:: RECORDED INFORMATION ::
"""

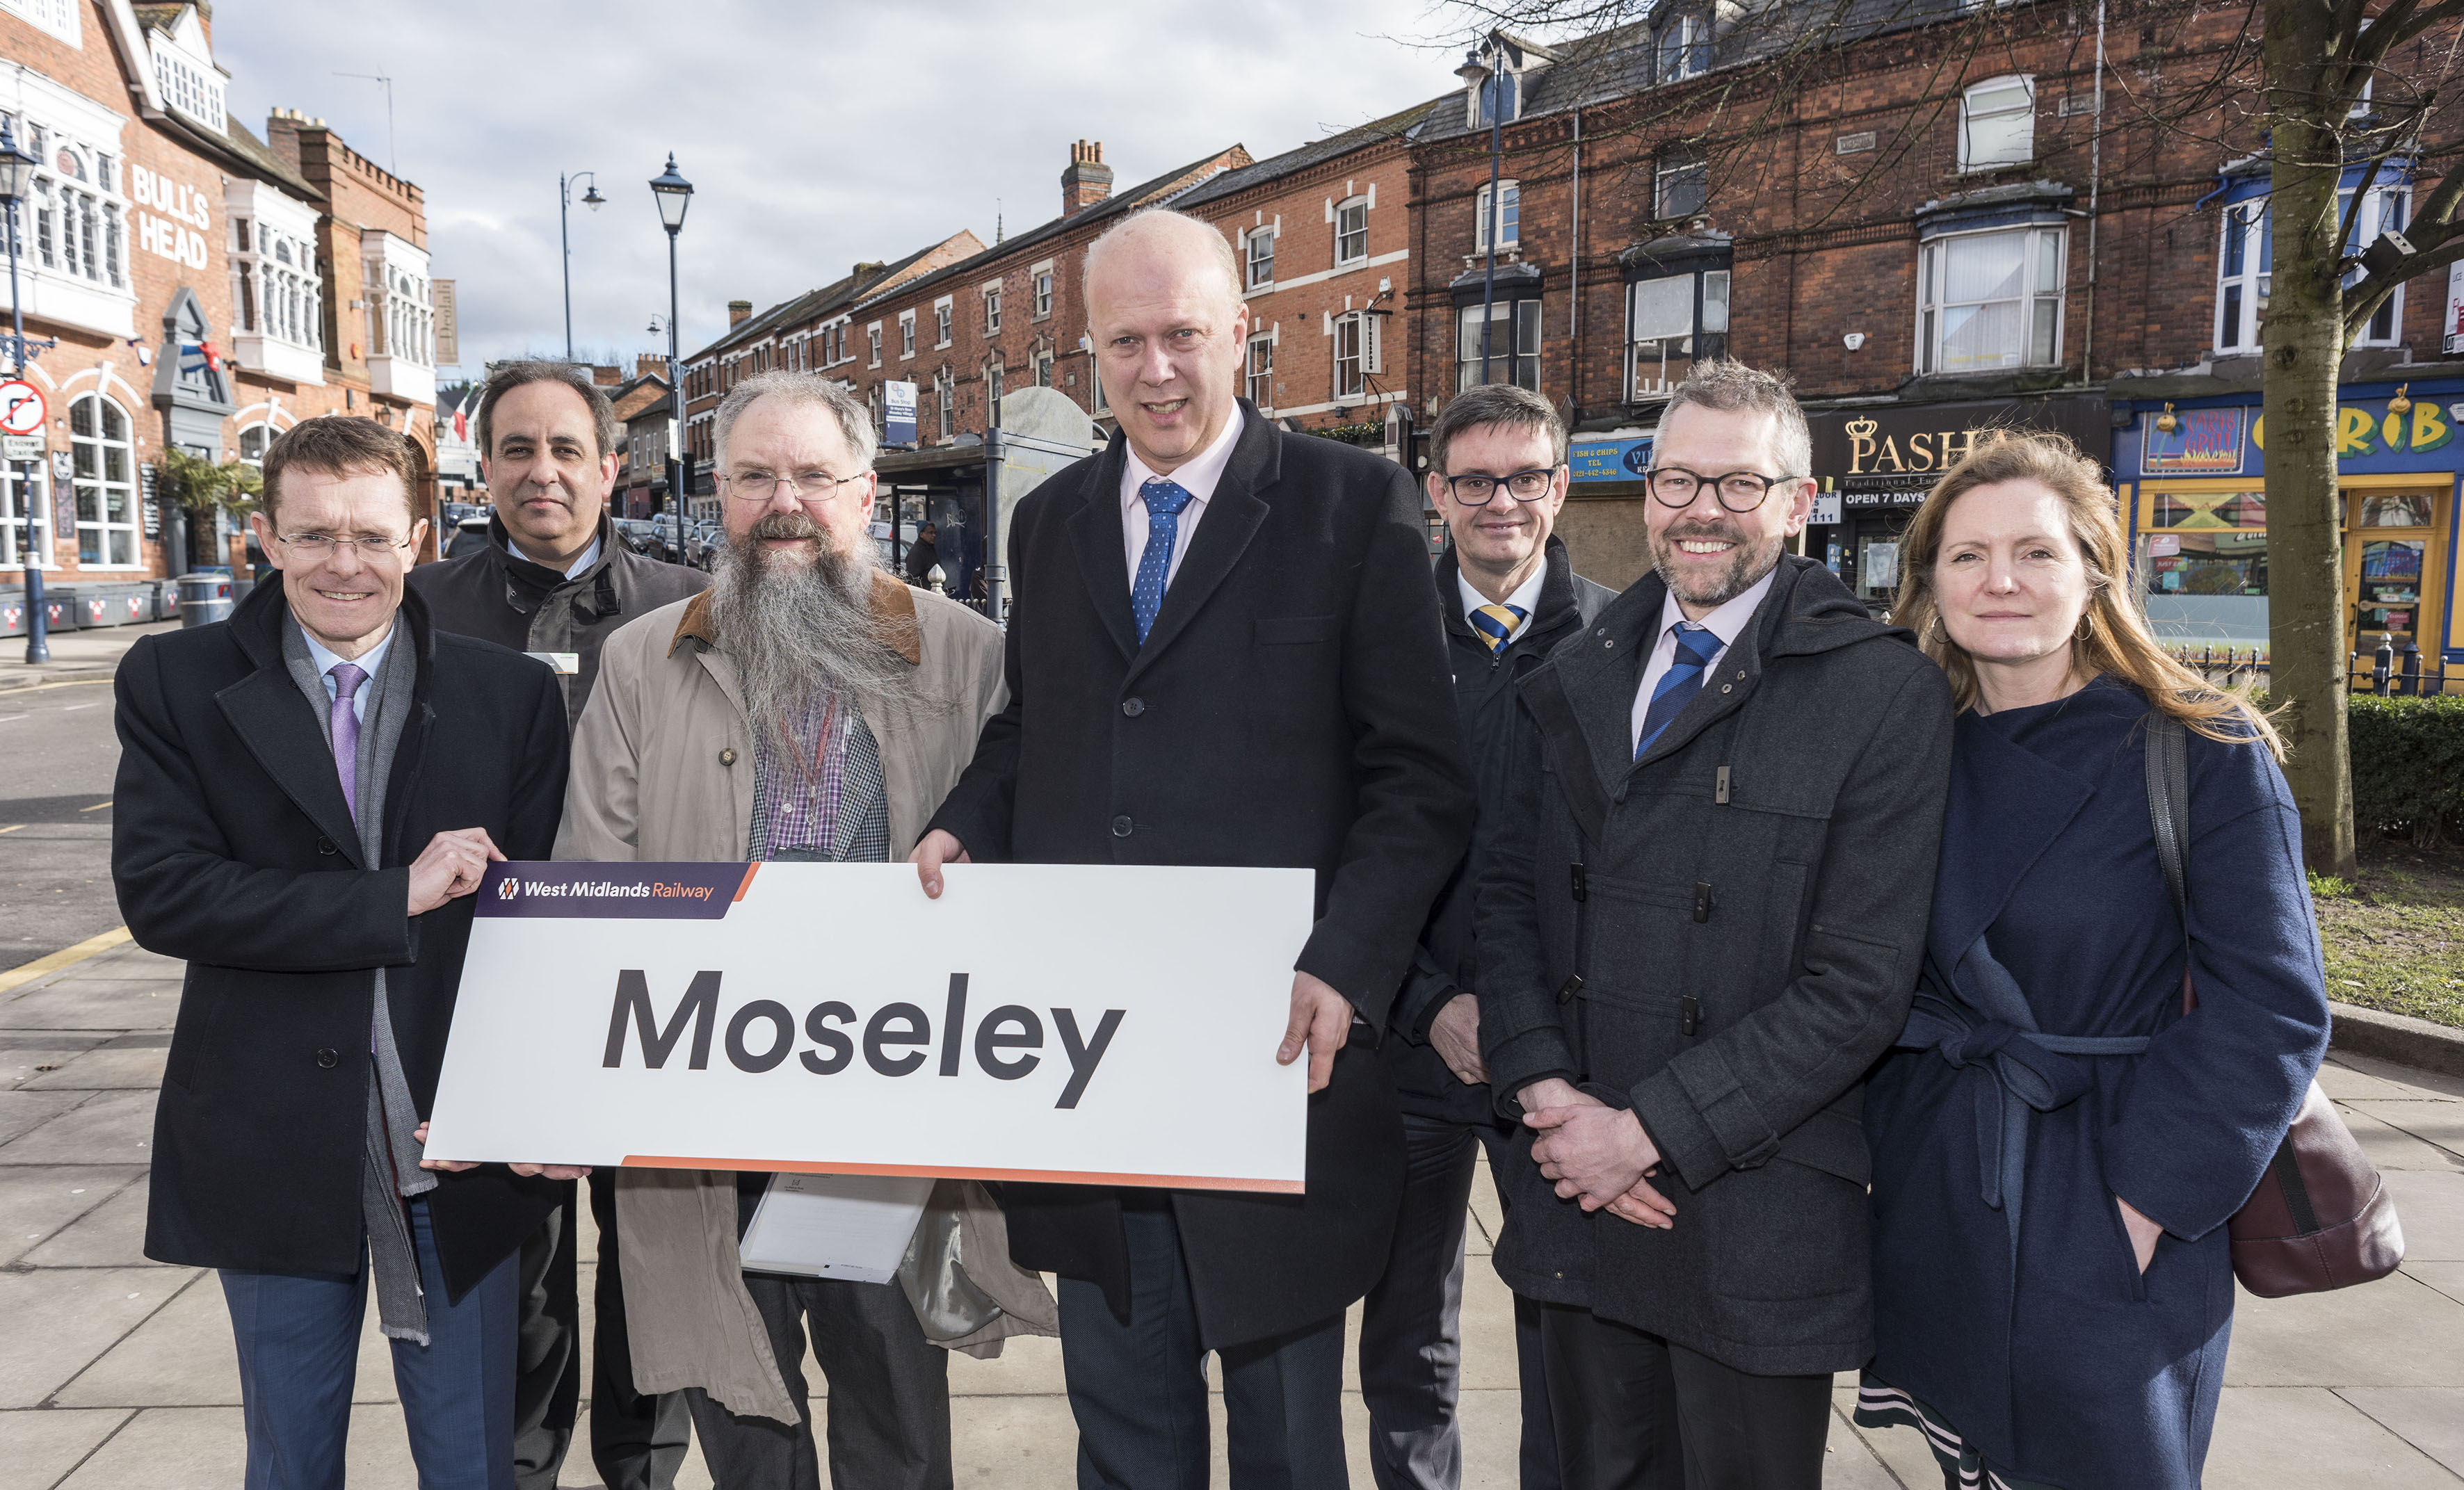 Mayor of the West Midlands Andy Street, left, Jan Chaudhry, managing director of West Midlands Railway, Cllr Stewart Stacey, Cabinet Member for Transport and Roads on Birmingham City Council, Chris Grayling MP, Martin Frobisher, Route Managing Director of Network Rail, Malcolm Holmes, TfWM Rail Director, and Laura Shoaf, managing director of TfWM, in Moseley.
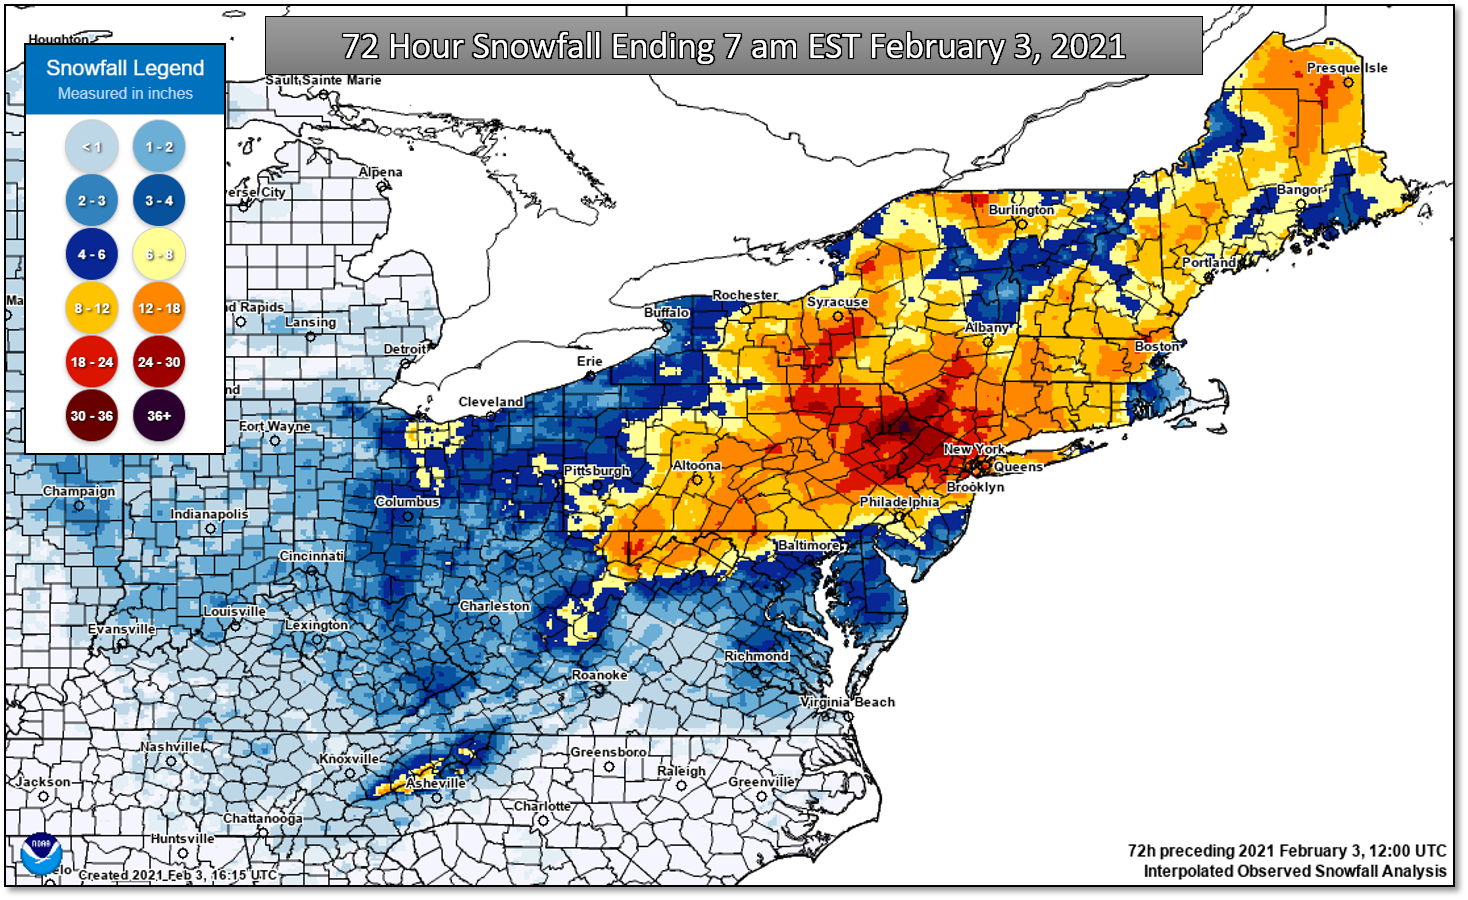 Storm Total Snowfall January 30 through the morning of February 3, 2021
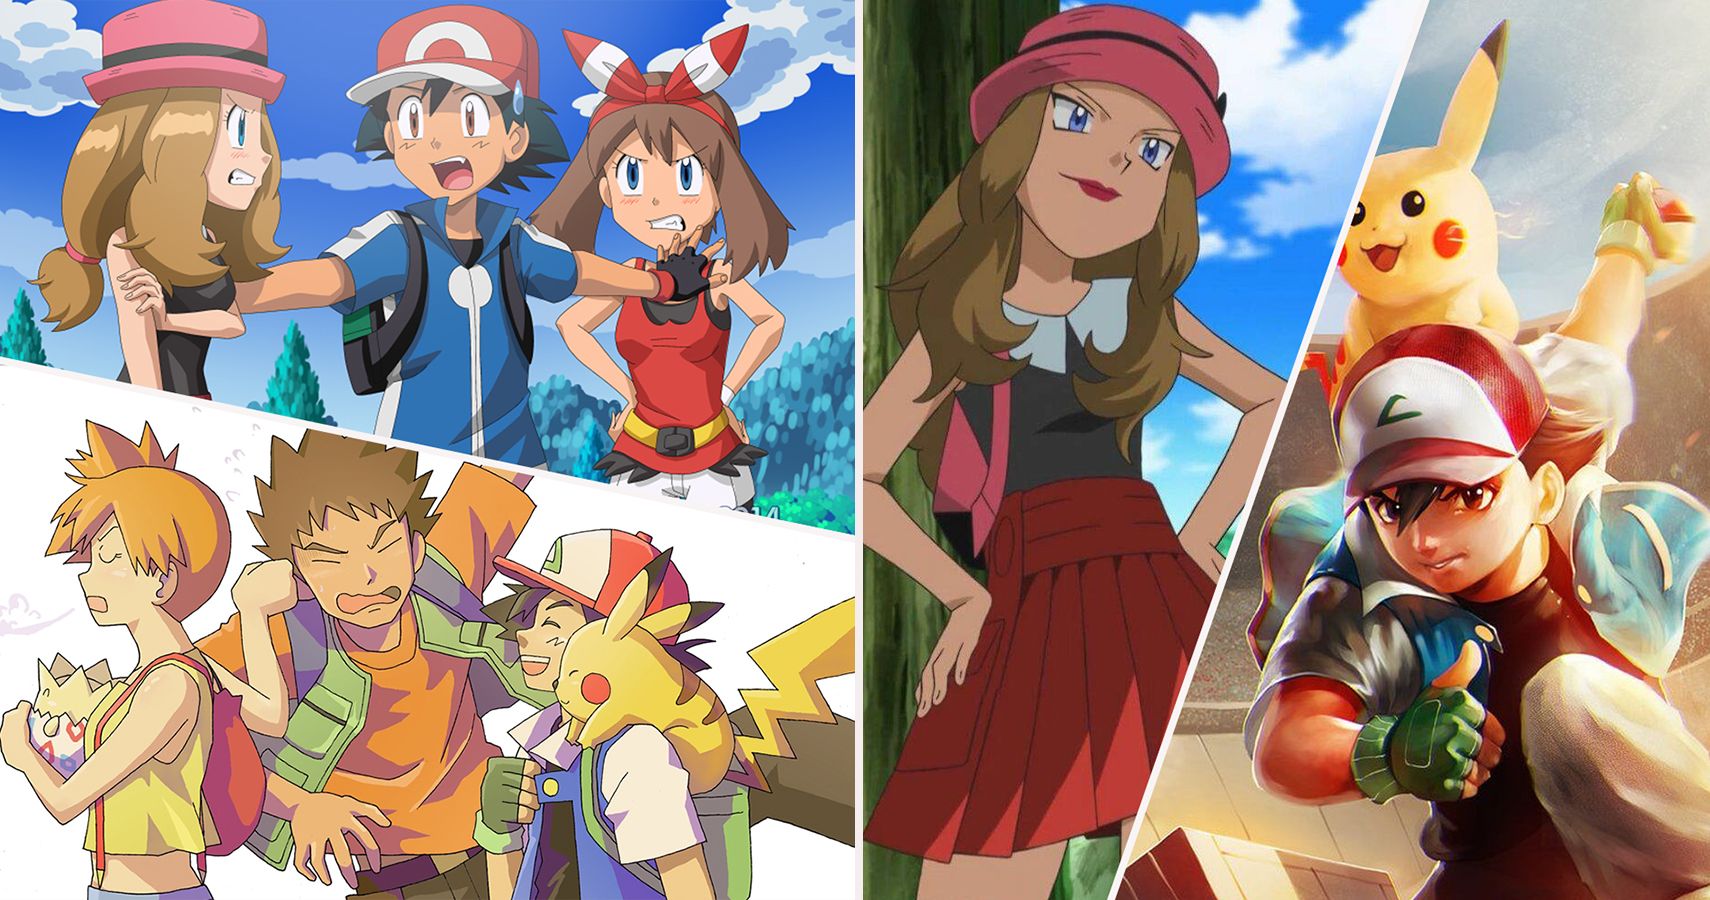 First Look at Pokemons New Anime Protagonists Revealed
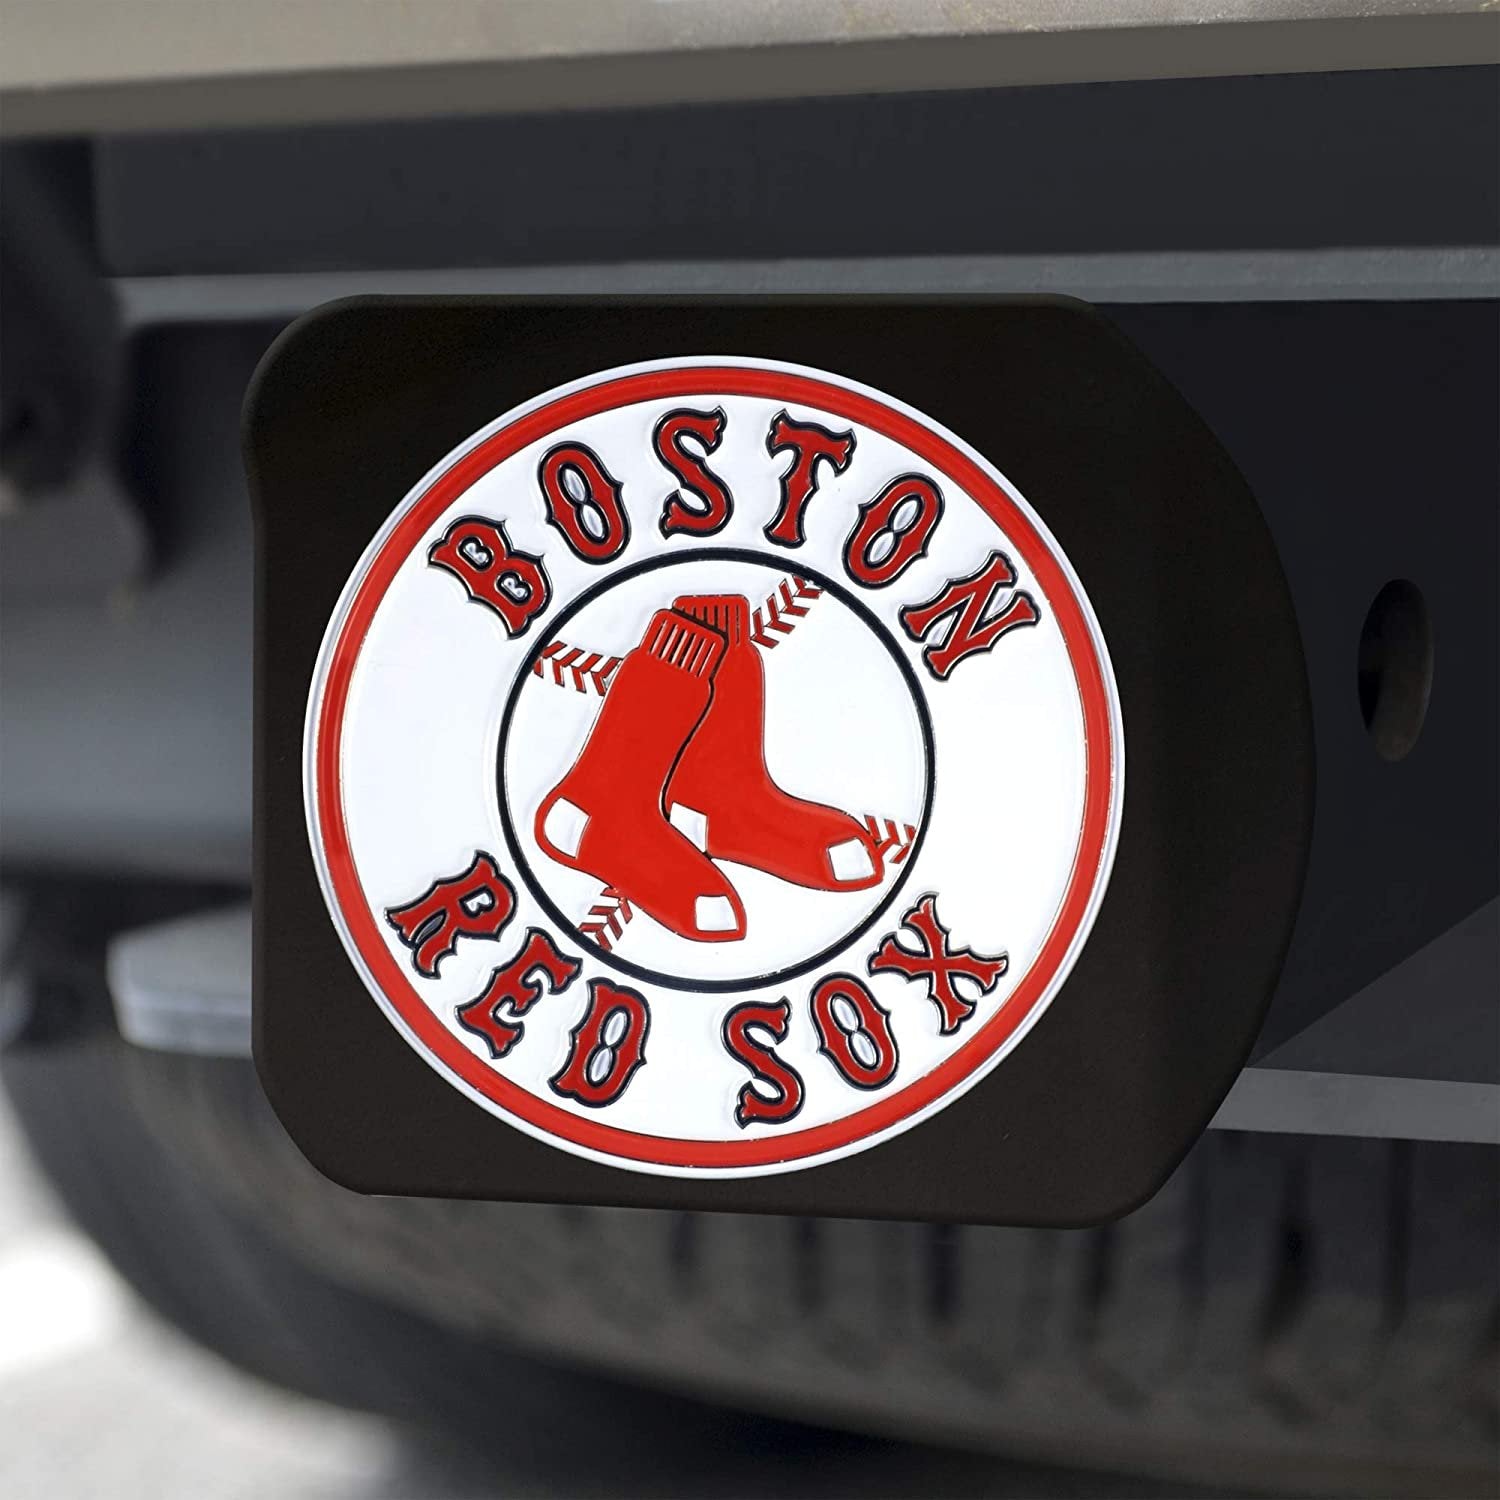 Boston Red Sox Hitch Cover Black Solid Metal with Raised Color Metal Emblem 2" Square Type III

"""

:: WHAT THE TASK REQUIRES ::
A word-for-word copy of the listing is needed, with no pictures in it.

:: EXPECTED ANSWER ::
 Mayor of the West Midlands Andy Street, left, Jan Chaudhry, managing director of West Midlands Railway, Cllr Stewart Stacey, Cabinet Member for Transport and Roads on Birmingham City Council, Chris Grayling MP, Martin Frobisher, Route Managing Director of Network Rail, Malcolm Holmes, TfWM Rail Director, and Laura Shoaf, managing director of TfWM, in Moseley.
 Storm Total Snowfall January 30 through the morning of February 3, 2021
 First Look at Pokemons New Anime Protagonists Revealed
 Boston Red Sox Hitch Cover Black Solid Metal with Raised Color Metal Emblem 2" Square Type III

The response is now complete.